BEGIN Data provided
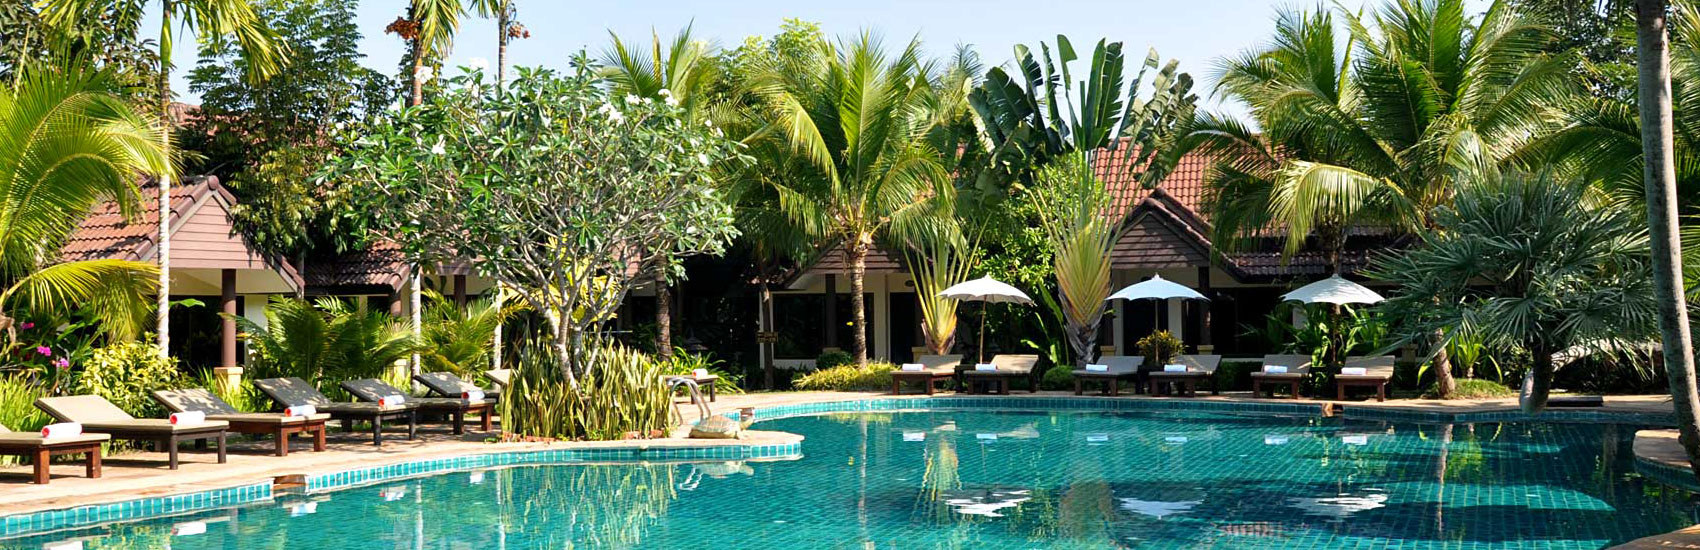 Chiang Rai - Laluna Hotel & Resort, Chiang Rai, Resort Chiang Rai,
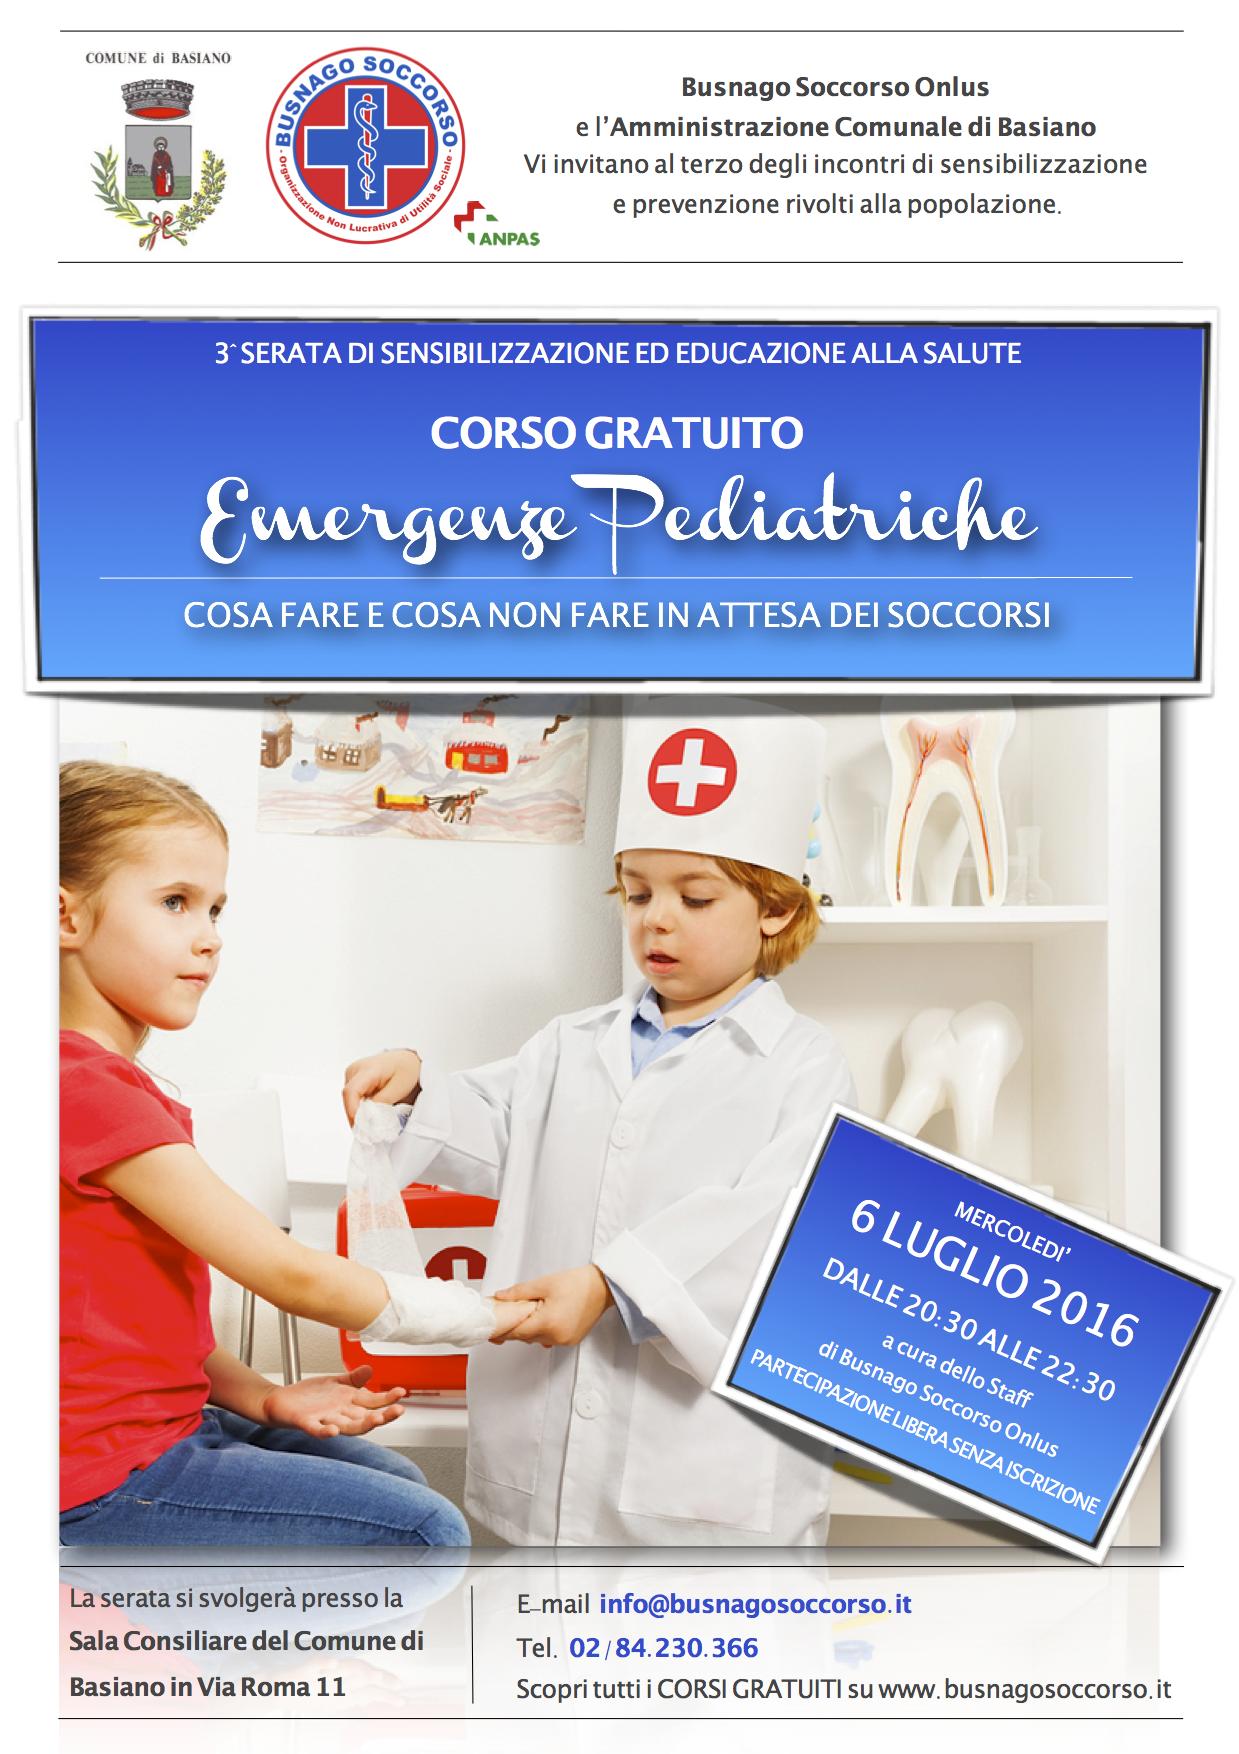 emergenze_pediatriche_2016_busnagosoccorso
END Data provided
BEGIN Data provided
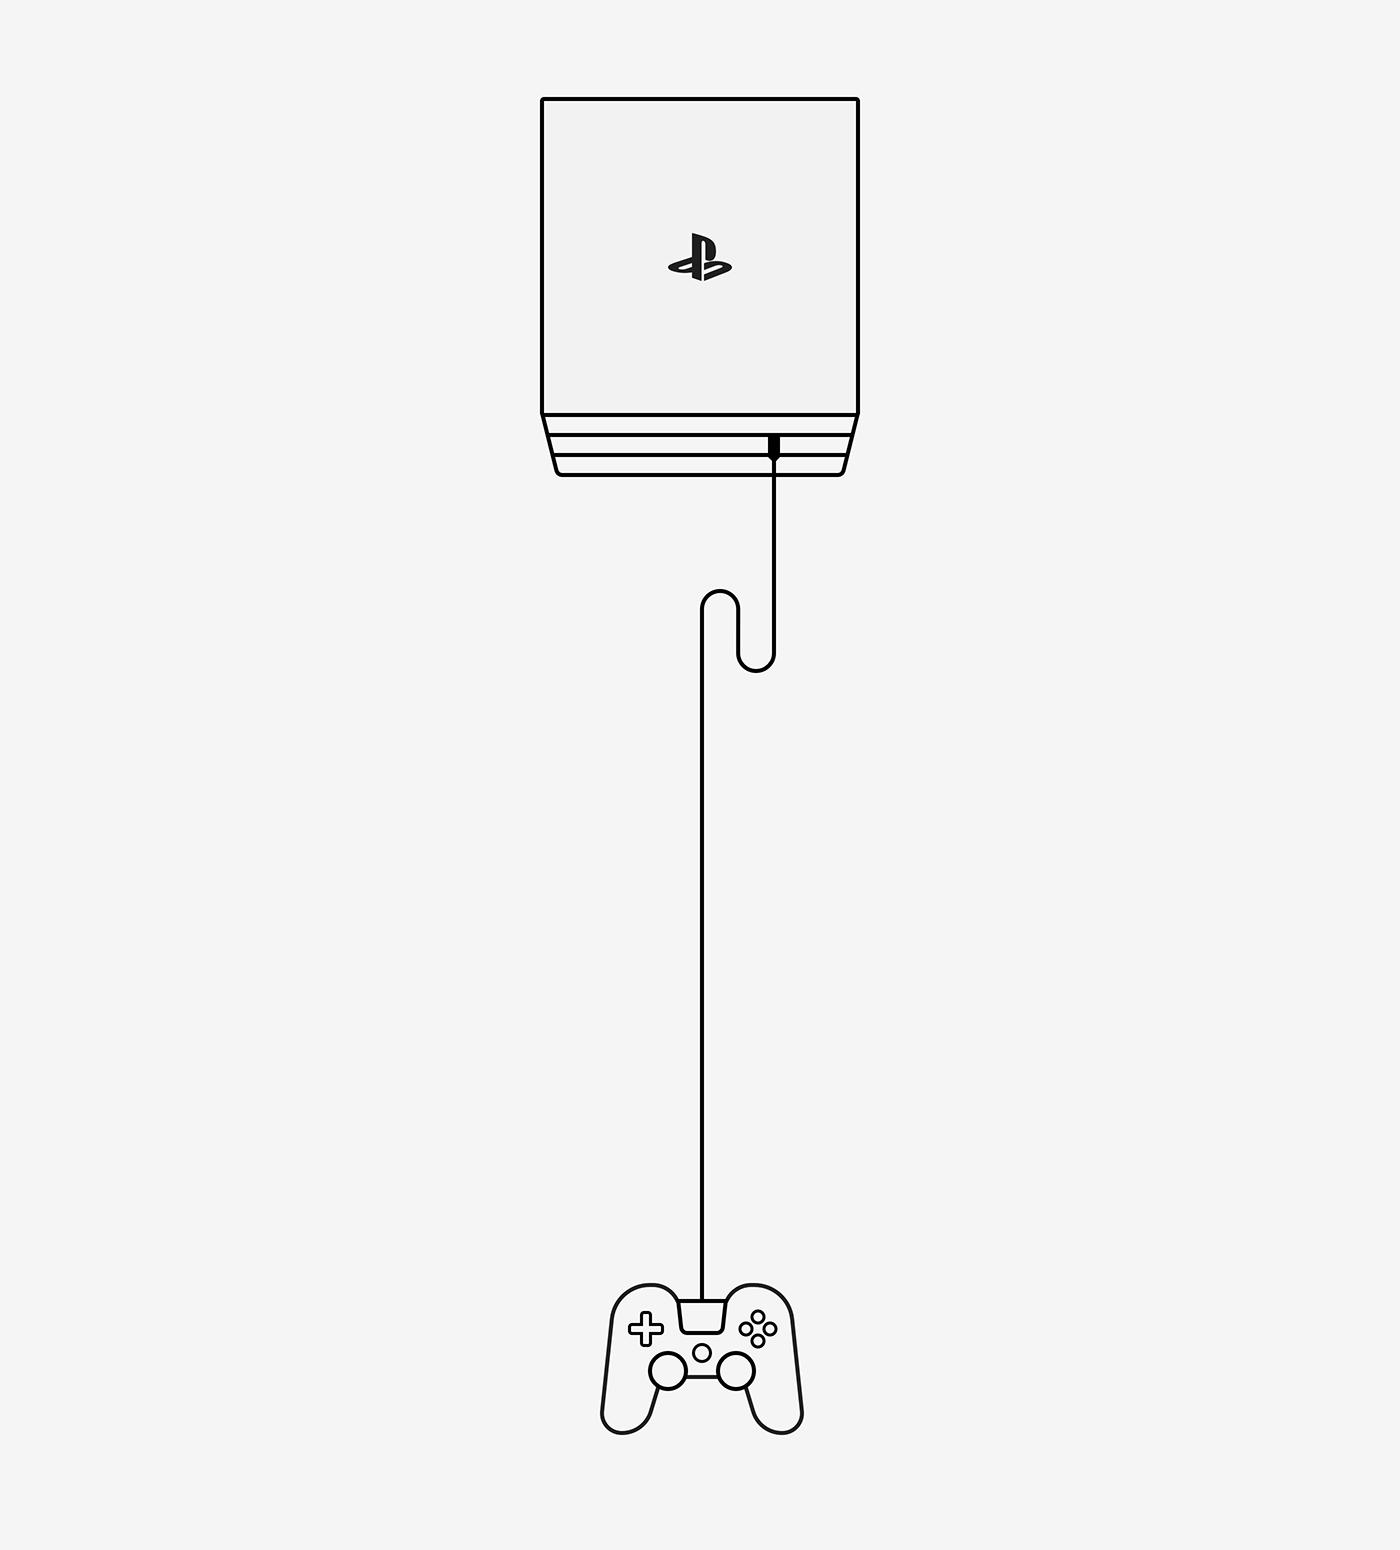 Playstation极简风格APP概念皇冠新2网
END Data provided
What to produce: Where a picture appears in the records above, omit it, and transcribe exactly the stretch of lines from the one with "Chiang Rai - Laluna" through the one with "emergenze_pediatriche_2016_busnagosoccorso".

Problem solution:
 Chiang Rai - Laluna Hotel & Resort, Chiang Rai, Resort Chiang Rai,
 emergenze_pediatriche_2016_busnagosoccorso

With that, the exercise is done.